Coquilles et remarques :
Si parfois je ne propose pas de solution de rechange, c’est que celles qui me viennent en tête s’éloignent passablement de tes formulations.
— La grisaille qui s’installe, grinçait l’homme [a grincé / le verbe « grincer » dans une incise me laisse dubitative, même si on le rencontre de plus en plus souvent]
— bien qu’on ne puisse pas dire qu’elle soit partie contre son gré [qu’elle est partie]
— avant de réaliser qu’il ne parlait ni de Marion, ni de Carole [de comprendre, de se rendre compte ; l’Académie française déconseille l’emploi du verbe « réaliser » dans le sens atténué de se rendre compte]
— Un gros sac à dos glissait derrière ses chaussures de randonnée. [Il le traîne par terre par une lanière ? Ça va l’user prématurément...]
— L’habitué a regardé de biais son bermuda maculé de boue séchée et le t-shirt terne et déformé qui flottait sur ses épaules. [Il y a deux fois « et ».]
— Et on peut savoir où est-ce que vous allez de si original ? [D’accord que c’est un dialogue, mais cette phrase ne passe pas ; « où vous allez » suffirait / « pour être si original », peut-être ?]
- Fred.
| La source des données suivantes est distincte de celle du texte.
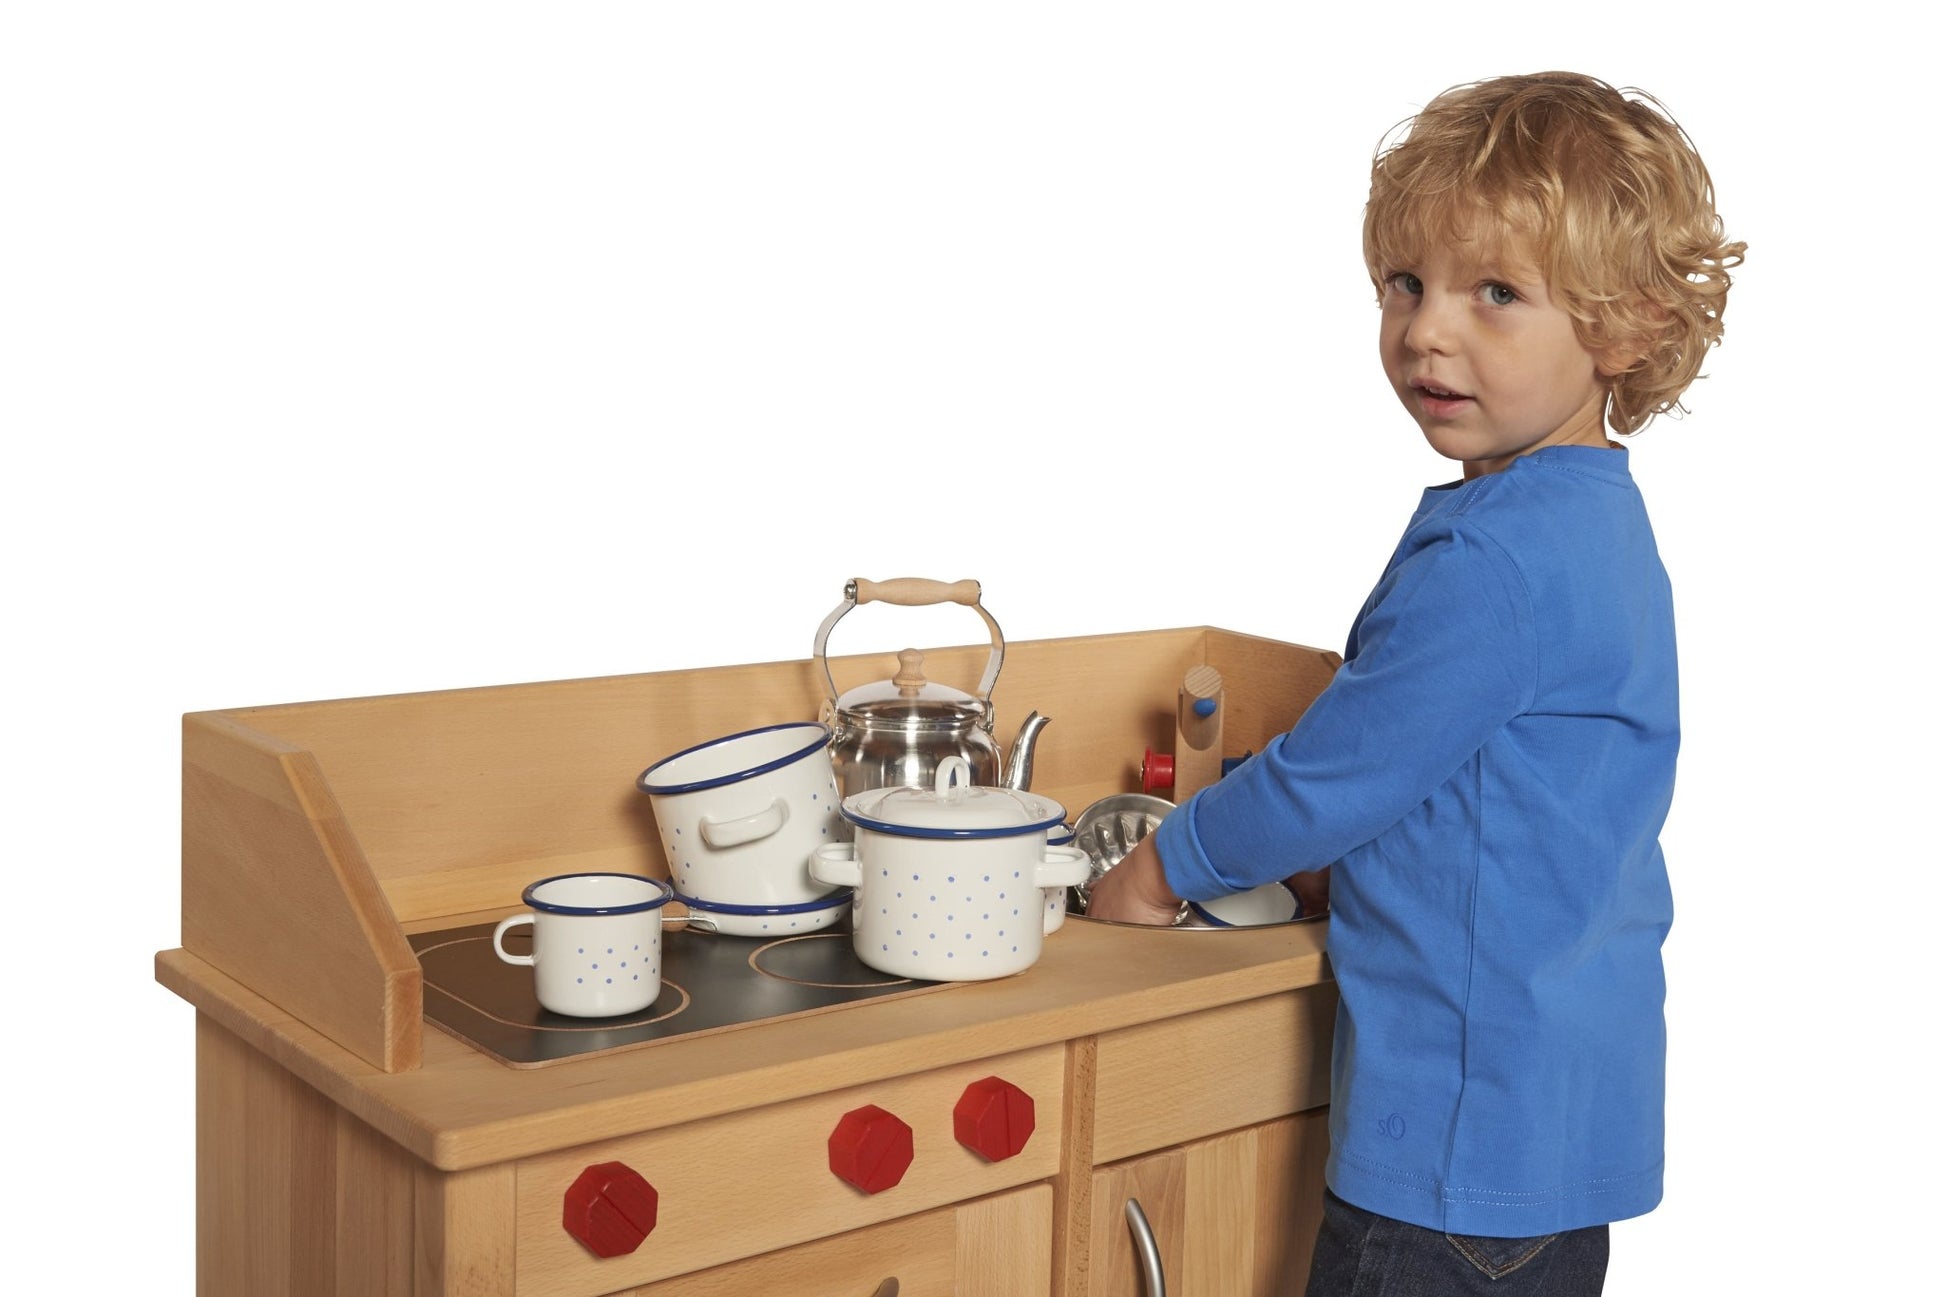 Eco-friendly Wooden Play Kitchen Set Montessori Kitchen Eco Friendly Toy  Waldorf Toys Wooden Kitchen Set -  Denmark
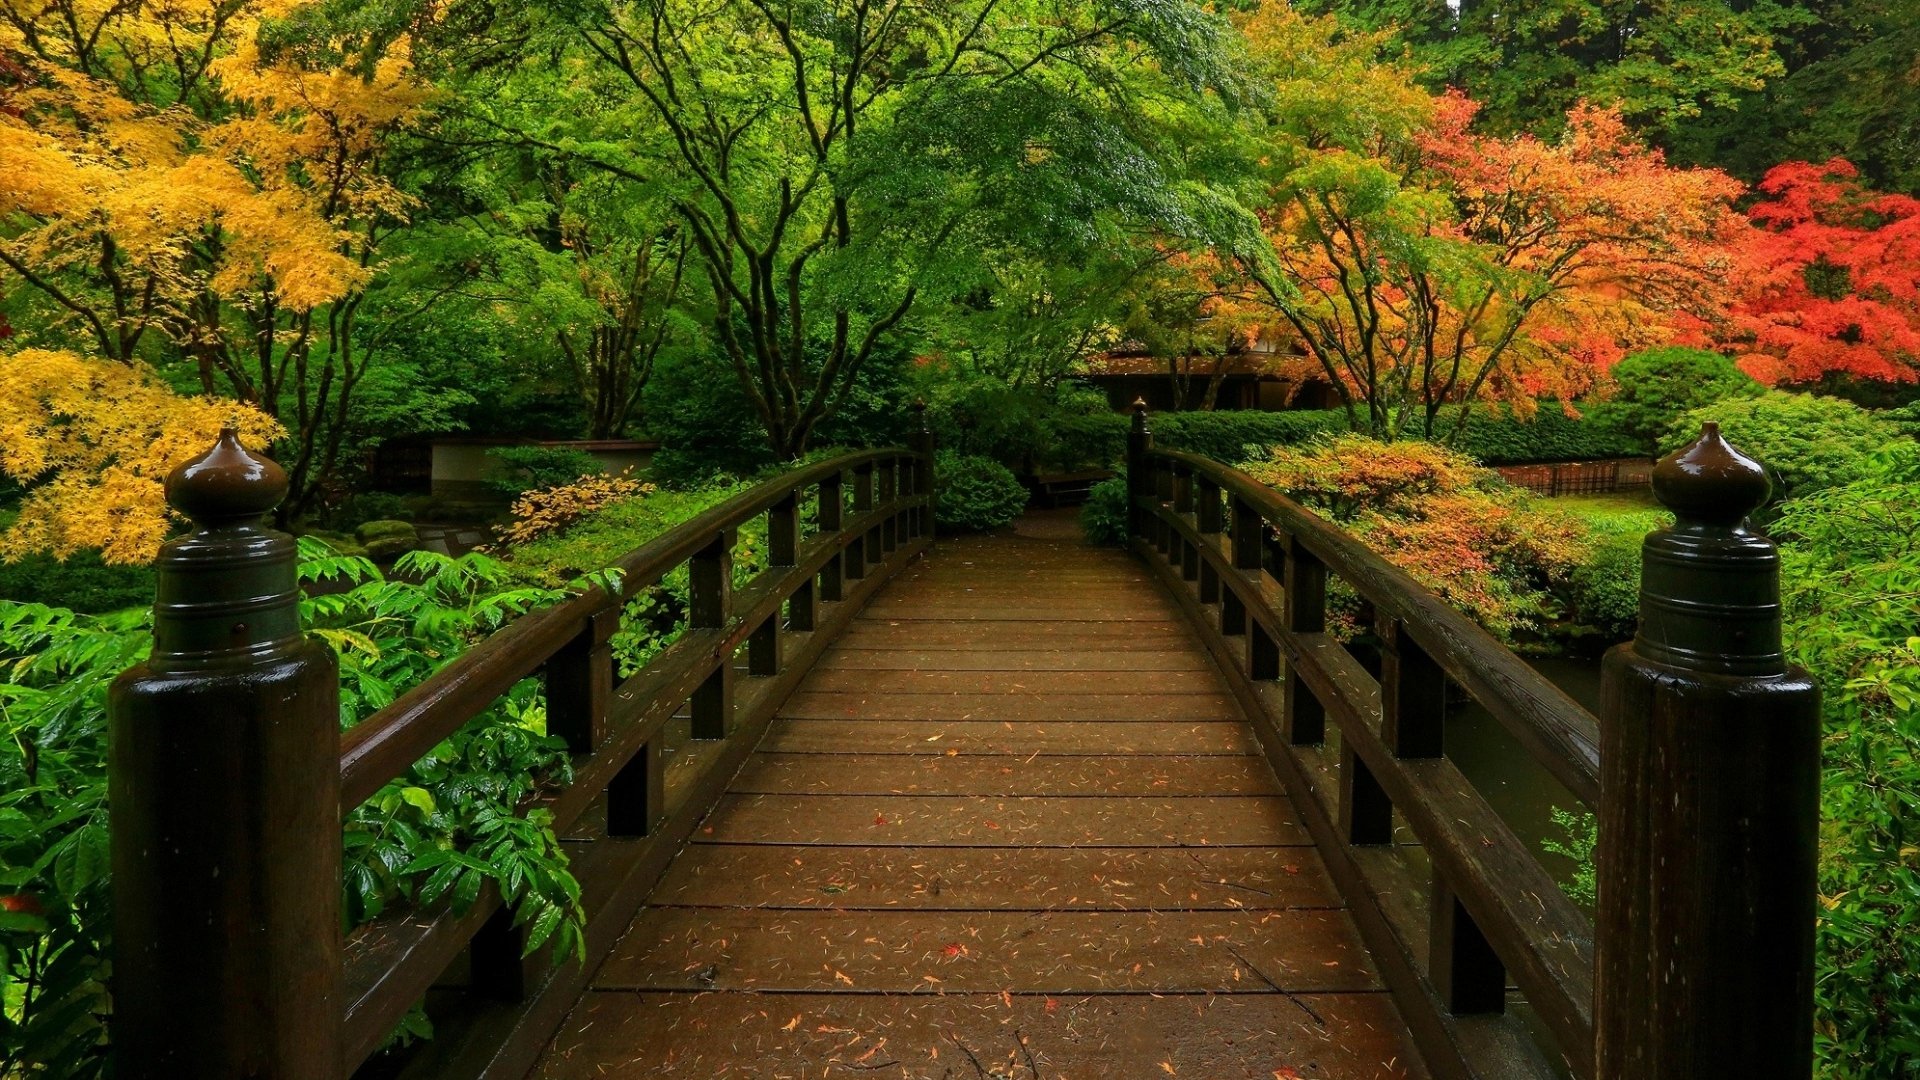 Bridge in Japanese Garden  HD  Wallpaper Background Image

Enchanté. [Normalement, on répond « enchanté » à quelqu’un qui s’est présenté ou a été présenté ; mais Phil n’a pas dit son nom.]
Jamreo
Posté le 12/12/2016
Coucou c'est re-moi !
Sans savoir pourquoi, j'ai le fort pressentiment qu'à la fin mon petit coeur de lectrice sera complètement brisé ='D  
J'ai quand même eu un doute sur l'identité de cette fille qui s'est jetée à l'eau. Marion a tout de suite pensé que c'était Carole et c'est difficile de lui en vouloir, l'épuisement doit pas jouer en sa faveur. Oh et la pauvre fond en larmes au téléphone, noooon :(
C'est vrai qu'on s'en rend pas tout de suite compte, mais c'est comme si Marion s'était glissée dans la peau de Carole et "subissait" à son tour le regard intrigué des autres.
Bref je ne sais pas encore où tu nous emmènes mais ça donne envie de te suivre. ca se lit vraiment bien, d'habitude je m'arrête plus souvent pour commenter (pardon) mais les chapitres filent ^^
Mimi
Posté le 12/12/2016
Jaaaaaam <3
Tu es trop mignonne <3 J'espère que je ne te briserai pas le cœur à la fin… À un moment, je me suis demandée pourquoi je voulais qu'elle fasse tout à vélo alors que manifestement, les voitures existent dans ce monde ^^ Et en fait c'est un peu comme dans le film "la Chèvre" : le seul moyen de retrouver Carole, c'est peut-être de se mettre dans ses baskets et glisser sur les mêmes peaux de banane pour partir dans la même direction  x) (c'était l'instant poétique du soir, bonne année à tous). Je me doute que ce n'était pas très crédible que la fille qui s'est jetée du pont soit Carole, mais n'empêche qu'écrire du point de vue de Marion a été tellement éprouvant que j'ai mis 2 semaines à m'en remettre x'D
Merci infiniment d'être passée ! J'espère que la suite te plaira. Et ne t'inquiète pas pour les commentaires, ça me fait très plaisir que tu me lises :-) (et c'est plutôt flatteur pour moi que les chapitres filent ^^)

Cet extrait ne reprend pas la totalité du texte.